Turnout is critical because Democrats outnumber Republicans by nearly 15 percentage points in statewide registration — 43.6 percent to 28.7 percent — and Democrats support marijuana legalization more than Republicans, by better than a 2-to-1 margin according to a December 2013 Field Poll.

“The better the turnout, the better the chances,” said the Field Poll’s Mark DiCamillo.

At least one of the withdrawn marijuana measures faced strong opposition from advocates of drug policy overhaul, making enemies of potential allies.

Critics, including Rosenthal and NORML, believed the Drug Policy Alliance’s initiative proposed tax levy and regulatory scheme could adversely affect growers, collectives and licensed distributors.

The DPA’s initiative would have levied a 25 percent sales tax on marijuana sold by licensed businesses.

That tax at the point of sale could encourage a black market in which growers make more money by selling their product illegally to unauthorized dealers, said Suzette Elwell-Scardino, a member of Sacramento’s NORML chapter.

Elwell-Scardino said she is a proponent of the MCLR initiative, and described the competing tax proposal as “the worst thing that could happen to the medical (marijuana) community.”
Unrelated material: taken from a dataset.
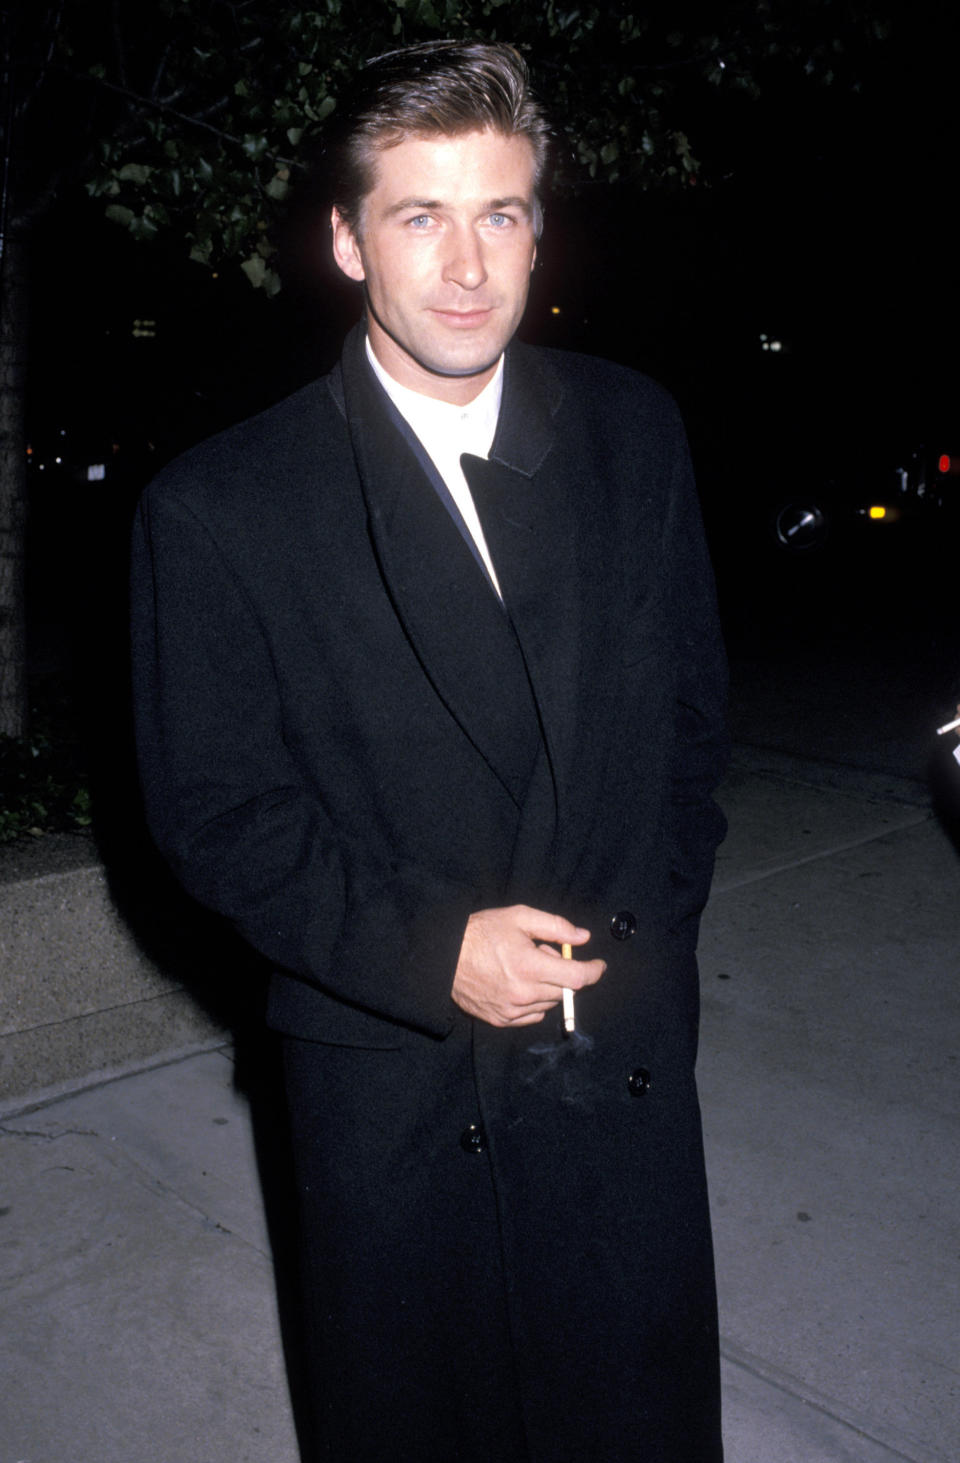 Baldwin attending a performance of "Valmont" at the Lincoln Center in New York.

“We’re actually thrilled (DPA is out),” she said.

The language in DPA’s initiative also would have authorized local governments to ban cannabis storefronts, possibly even those designated as medical clinics, according to Duzy, who opposed the provisions. He also opposed a section of the DPA initiative that would have authorized state regulation of medical marijuana through the Department of Alcoholic Beverage Control.

The signature drive for the MCLR effort is its second week and representatives said it has received $500,000 to help cover those costs. The group, which has until late June to submit its signatures, has also commissioned a Los Angeles energy company called Propel Management Group, Inc., a subsidiary of IDS Industries, Inc., to help finance and collect signatures. Duzy, who refiled his proposal after he missed an early deadline, will have until July to gather signatures.

The shifting field of proposals aiming to overhaul California’s marijuana laws comes as public opinion polls show support increasing for marijuana legalization since the 2010 vote on Proposition 19 — the statewide ballot measure on recreational pot — which voters rejected 54 percent to 46 percent.

The December Field Poll found that 55 percent of those surveyed favored marijuana legalization, while less than a third — 31 percent — supported strict enforcement of existing laws.

The survey also noted that the findings “illustrate the huge reversal in public sentiment toward marijuana use” in recent decades. A 1969 Field Poll found that only 13 percent of Californians favored legalization and that 75 percent backed “either strict enforcement of existing marijuana laws against its use or passing even tougher laws.”

Law enforcement remains unconvinced about a broader move to sanction the drug outside of medical use.

A 2012 report by the California Police Chiefs Association opposed legalization, asserting that medical marijuana centers “have been tied to organized criminal gangs, foster large grow operations, and are often multi-million-dollar profit centers.”